> _DATA TO USE_
--- START ---
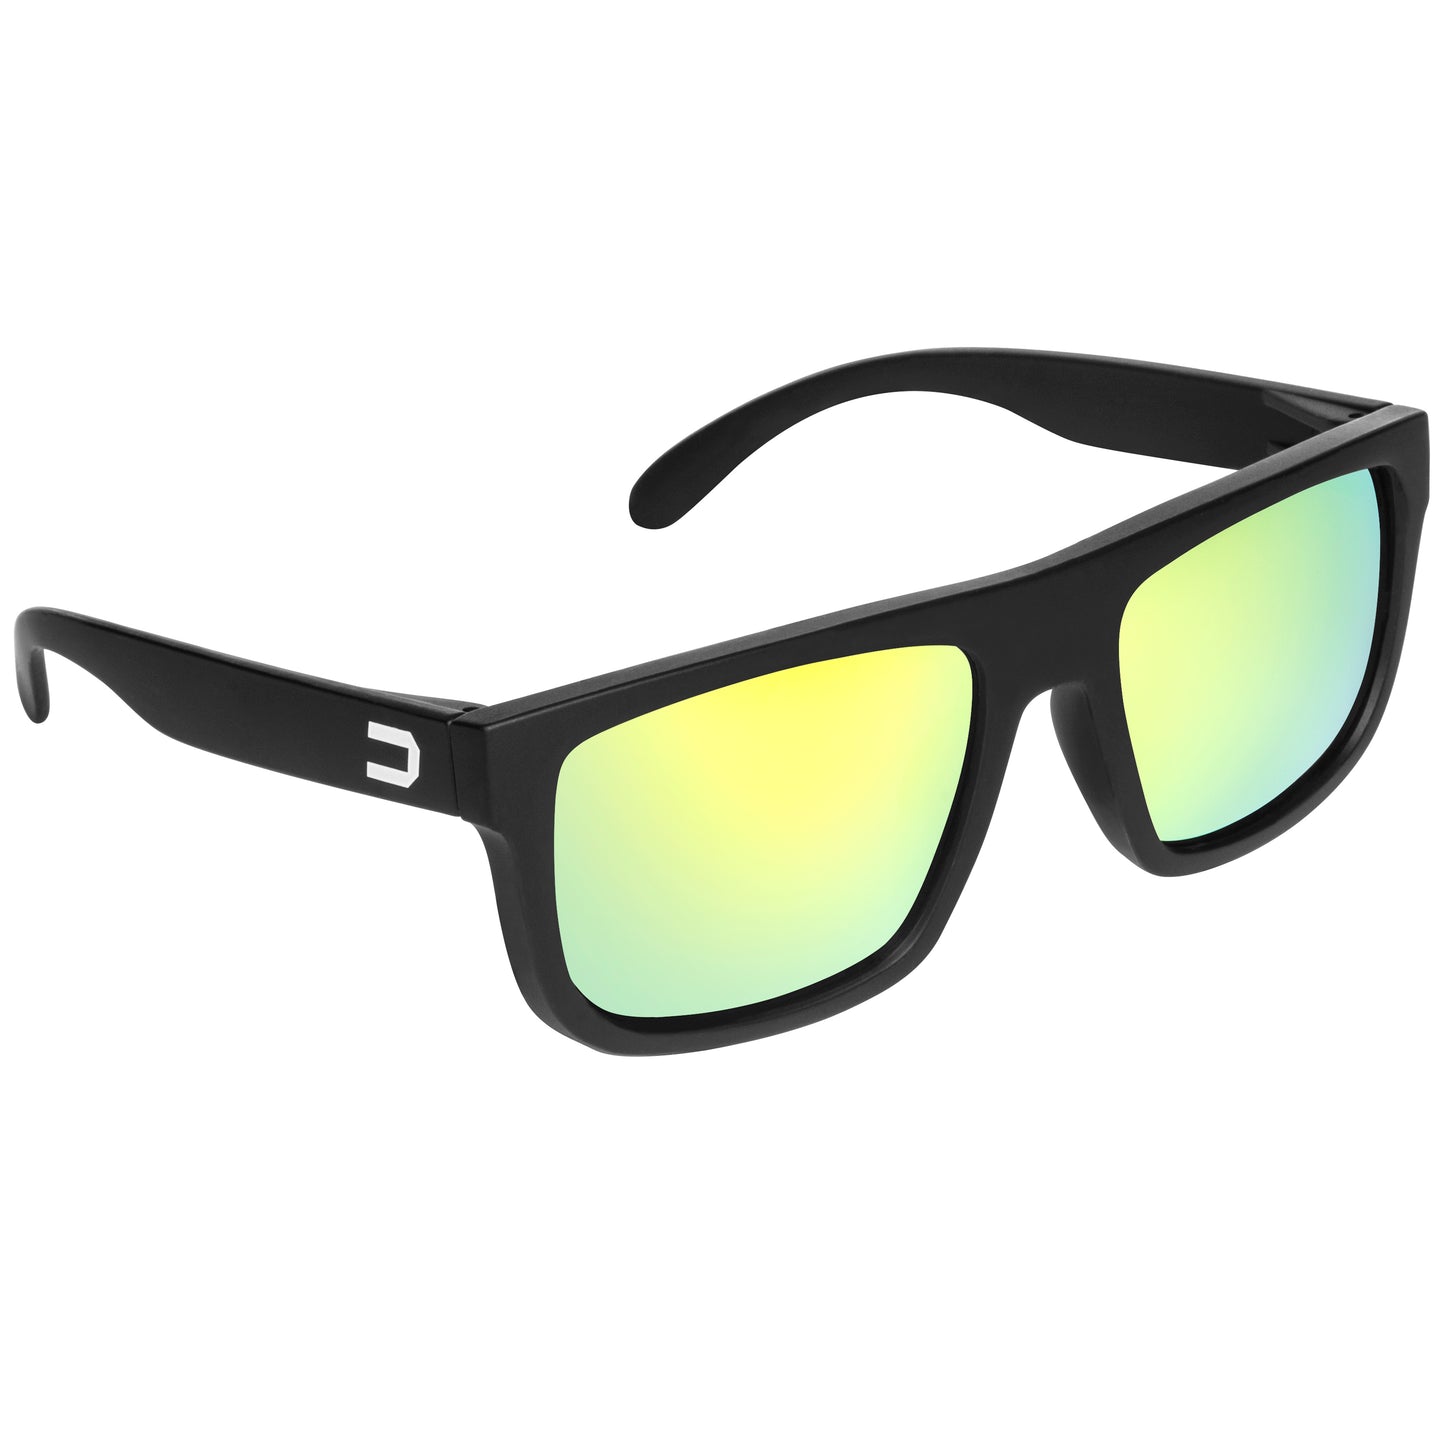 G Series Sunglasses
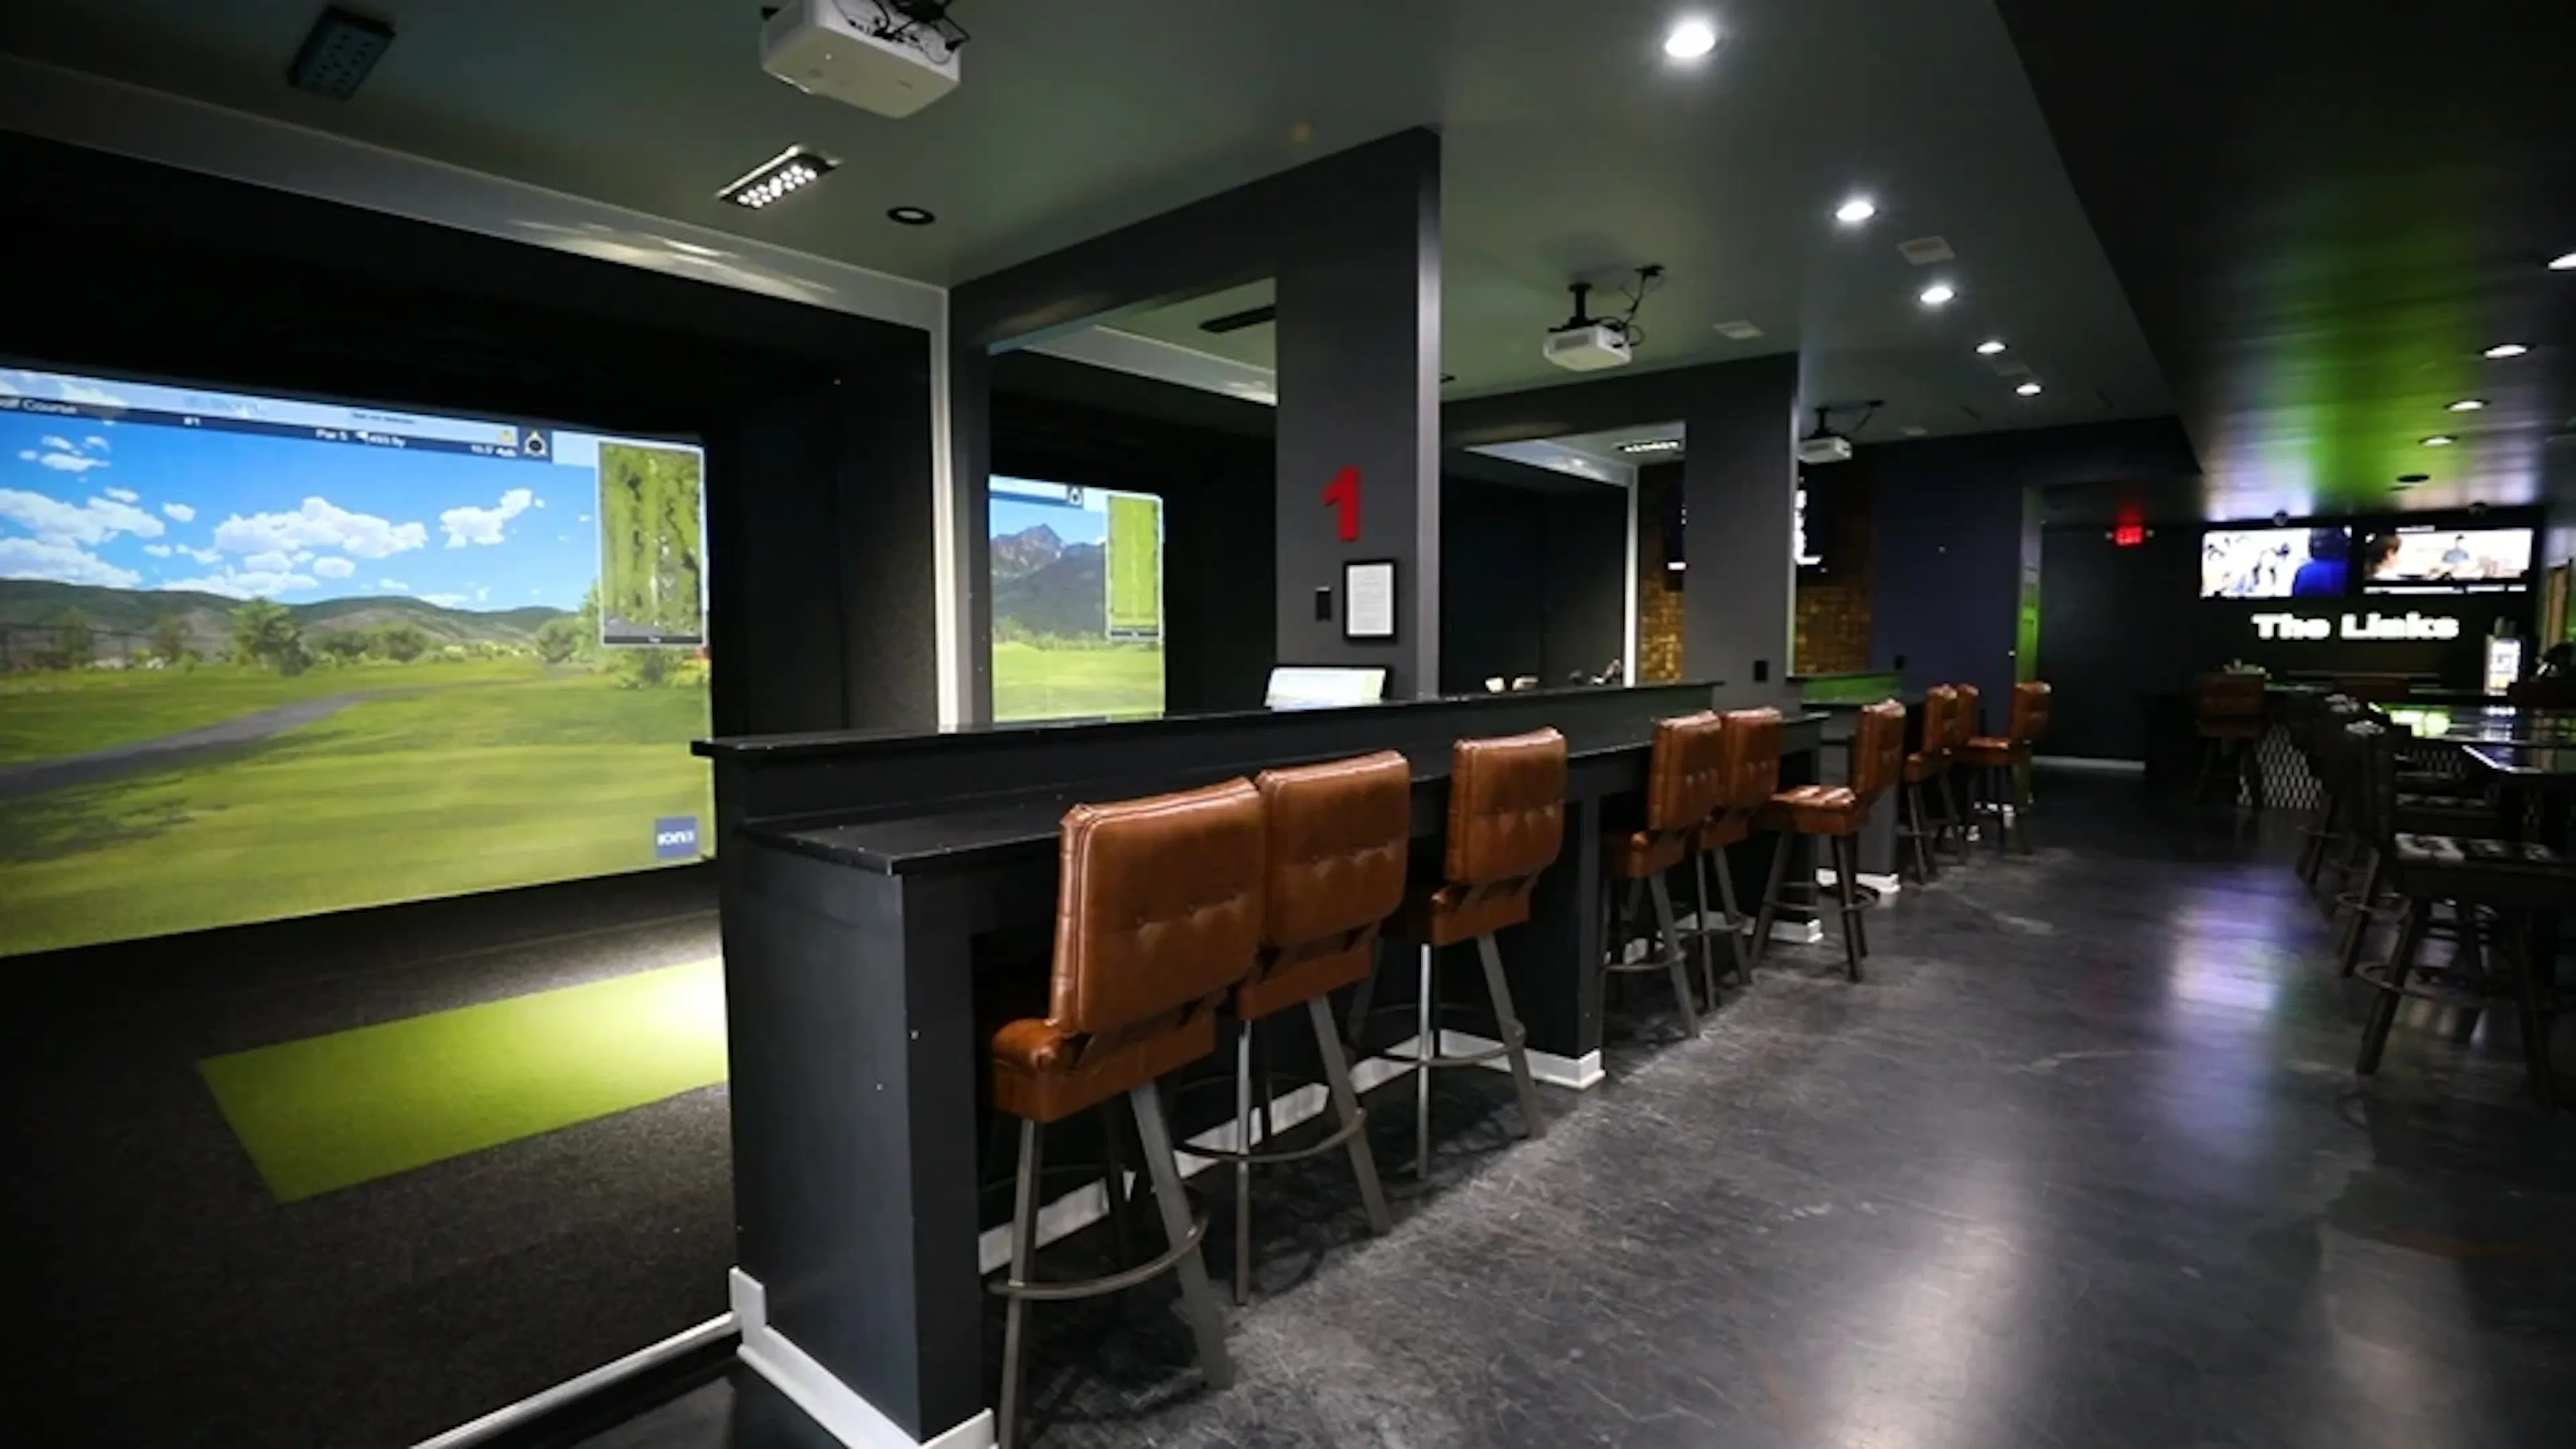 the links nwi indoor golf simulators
--- END ---
--- START ---
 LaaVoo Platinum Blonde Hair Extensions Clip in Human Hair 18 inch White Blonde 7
--- END ---
--- START ---
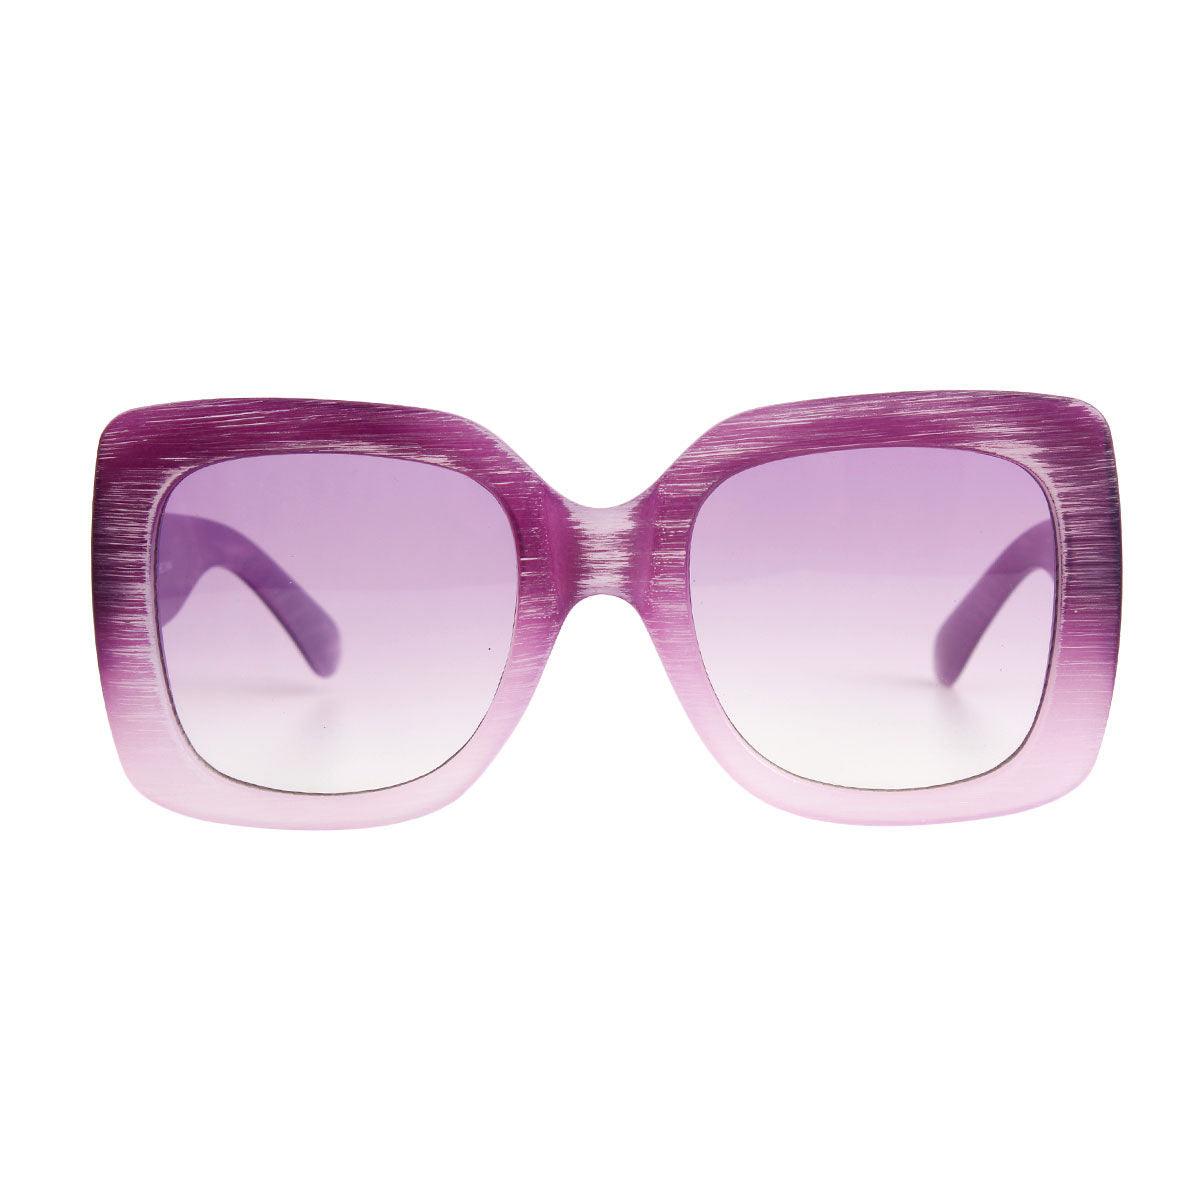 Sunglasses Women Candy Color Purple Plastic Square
--- END ---
Give back exactly the lines above that run from the one with "G Series Sunglasses" to the one with "the links nwi indoor golf simulators", including both, with the pictures left out.

> _YOUR SOLUTION_
 G Series Sunglasses
 the links nwi indoor golf simulators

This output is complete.